Is higher education regaining its sanity?
With a growing list of colleges and universities returning to ideological neutrality policies, many are optimistic about the future of higher education. Especially with the Trump administration’s legal action against universities that have aided and abetted progressive antisemitism, crackdowns on gender ideology and pediatric gender medicine, and revocation of grants that go toward ideologically oriented research, there is reason to believe that universities stand to materially benefit from shifting away from leftist ideology. As I myself have argued in the past, many university administrators and professors themselves were secretly sick of radicalism destroying their institutions, and are silently thanking the Trump administration for giving them an excuse to disregard the opinions of deranged activists and shift their focus once again toward teaching and research.
And yet, a recent episode at Washington State University’s medical school suggests caution at being too optimistic. After offering several accredited continuing medical education (CME) courses that were developed by the Society for Evidence Based Gender Medicine, a group that opposes the medical mutilation of those struggling with gender dysphoria, WSU was forced to suspend those courses by the Accreditation Council for Continuing Medical Education, or risk losing its accreditation for CME.
ACCME-accredited courses are required for physicians to maintain their licensure, so if WSU were to keep promoting SEGM’s courses against the ACCME’s mandate, no physician would take them. The ACCME left WSU with no choice.

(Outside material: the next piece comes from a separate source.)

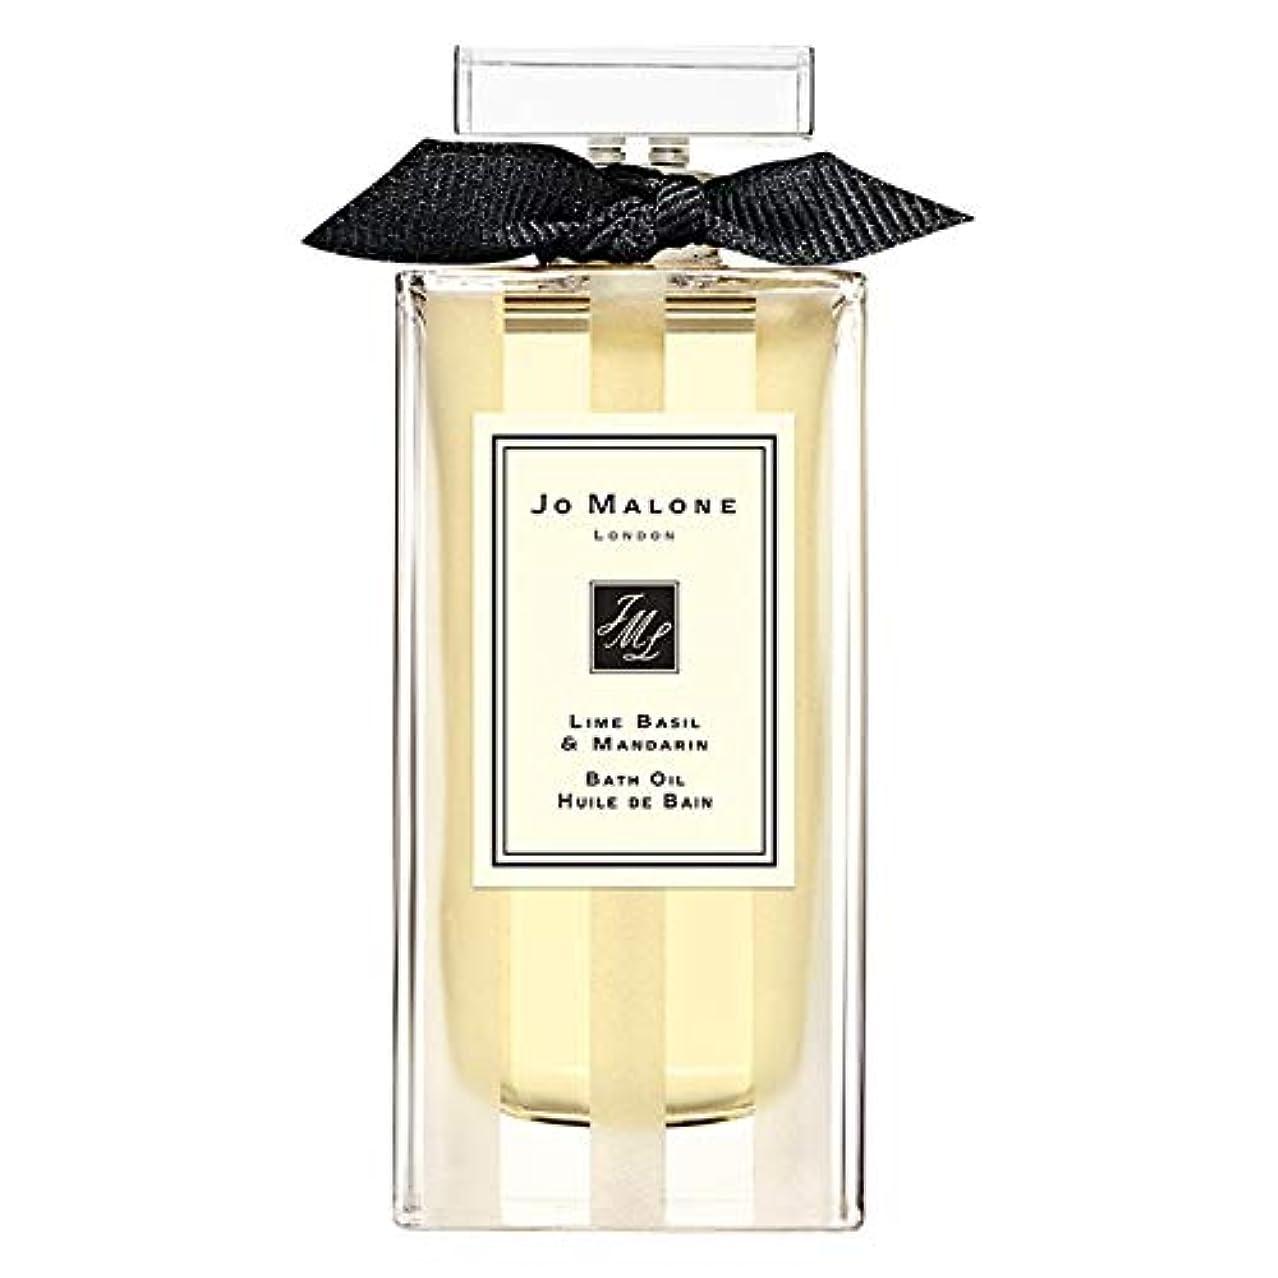 髄天使松明[Jo Malone ] ジョーマローンロンドンライムバジル&マンダリンバスオイル30ミリリットル - Jo Malone London Lime Basil & Mandarin Bath Oil 30ml [並行輸入品]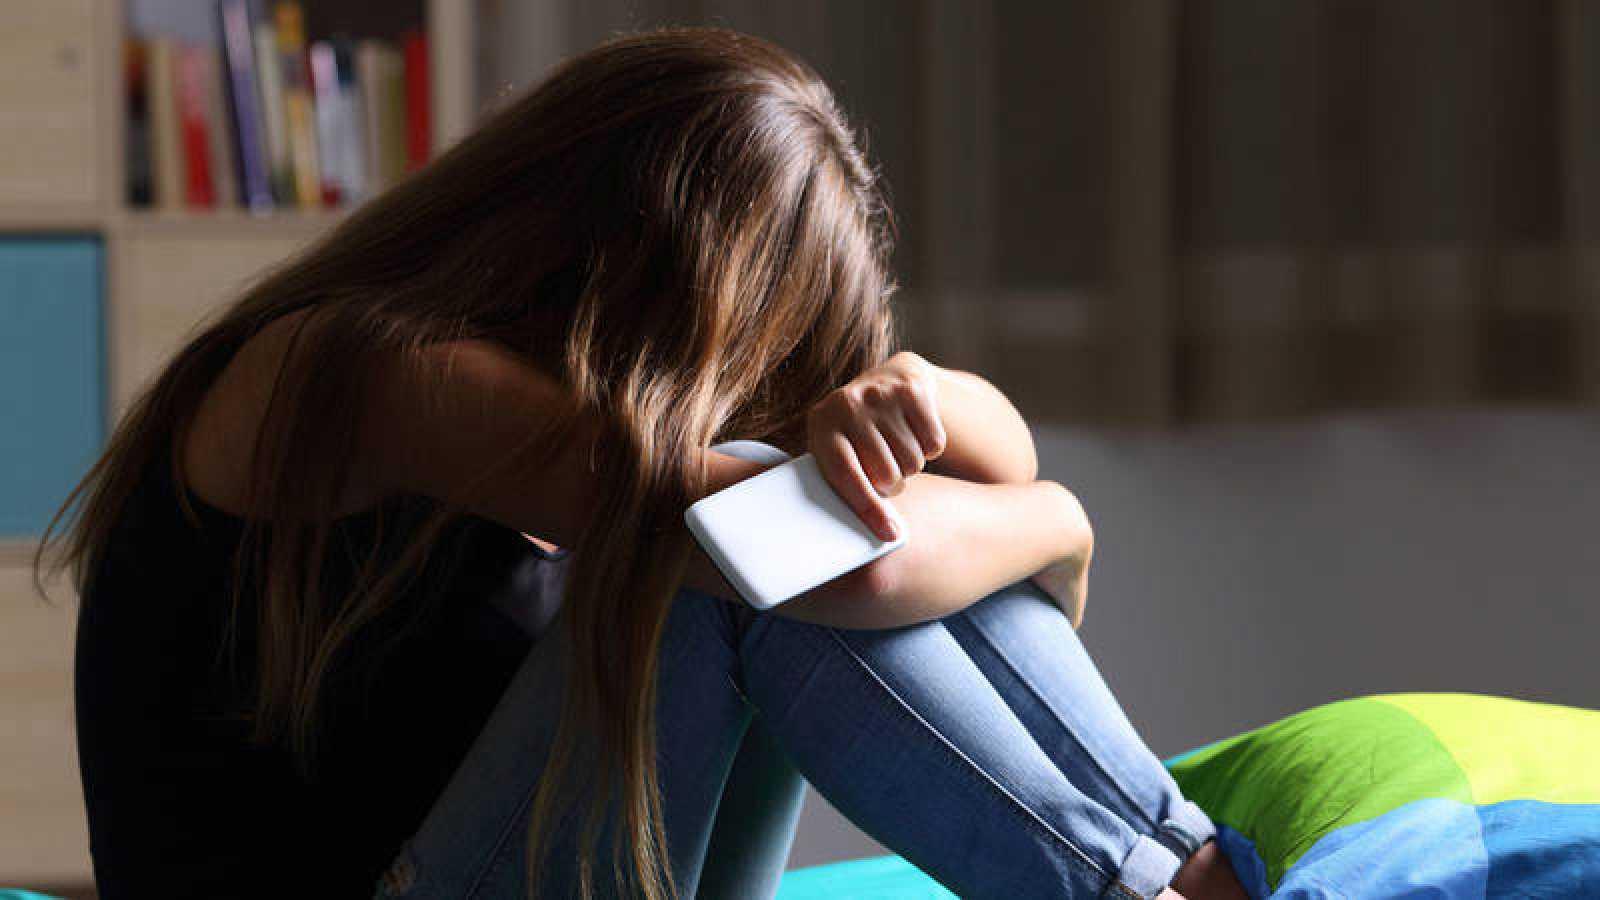 Investigan extremo bullying colegial a niña en Ciudad Bolívar

Even worse, the ACCME bullied WSU into submission before it even carried out or concluded an investigation into the SEGM curriculum, in a move the New York Sun called “extraordinary.”
As far as opposition to the ideological capture of institutions is concerned, this episode is two steps forward, one step back.
Let’s start with the two steps forward. Five years ago, as basically every mainstream institution kowtowed to progressive activists and fell in line with every one of their demands, not daring to question any of their causes, it would have been entirely unthinkable for a medical college, let alone one as big as WSU, to even attempt to use SEGM’s curriculum. But today, after the work of countless journalists, medical professionals, lawyers, whistleblowers, and, most of all, detransitioners, at least there is a fight within and between mainstream institutions over the validity of gender medicine and leftist ideology as a whole.
Of course, as the ACCME’s clampdown shows, that fight has yet to be won—there’s that one step back. But that there is a fight at all shows cracks in a censorship regime that once seemed unbreakable and allows for legitimate discourse in which the truth has a shot of prevailing.
There is a bigger lesson from this story, though, which is that those at universities who do the actual work of teaching, research, and, in this case, medicine, are often at odds with the bureaucrats who are able to control them via administrative red tape, including licensure requirements. The physicians who staff medical schools like WSU’s generally spend time both in clinic and with students as part of their jobs, giving them the sort of perspective that licensing bureaucrats sitting in office jobs necessarily lack.
The former might have seen the medical harms of gender medicine firsthand, or noticed how the ideological poison in medical schools affects their students, leading them to consider alternative perspectives like SEGM’s. The latter, on the other hand, are removed from this direct experience, and are far more likely to have the luxury to stew in ideology without understanding what it leads to, and are far more likely to spend their time in the company of activists whose interests are actively detrimental to medicine, education, and American society at large.
But because of the way the medical licensure system is set up, do-nothing cartels control the do-something physicians who have to confront the day-to-day realities of patient care and medical education.
While this case is specific to medicine, the broader problem of licensure requirements being subject to the whims of progressive activists affects nearly every aspect of American education, from preschool through PhD programs: ideologically motivated cartels control teacher licensure as well as university accreditation, entrenching today’s ideological problems into the very fabric of our institutions.
If higher education is truly to have a renaissance, one in which teaching and research take precedence over ideology, we won’t just need to confront the professors and administrators, who, for all their flaws, do real work and are often more amenable to change than they seem to be due to self-censorship. Indeed, we will need to confront all the licensing bureaucracies that get in the way of education, by disempowering the current licensing regime, by limiting licensure requirements as much as possible, and by creating genuinely independent accreditors for cases in which licensure is truly necessary.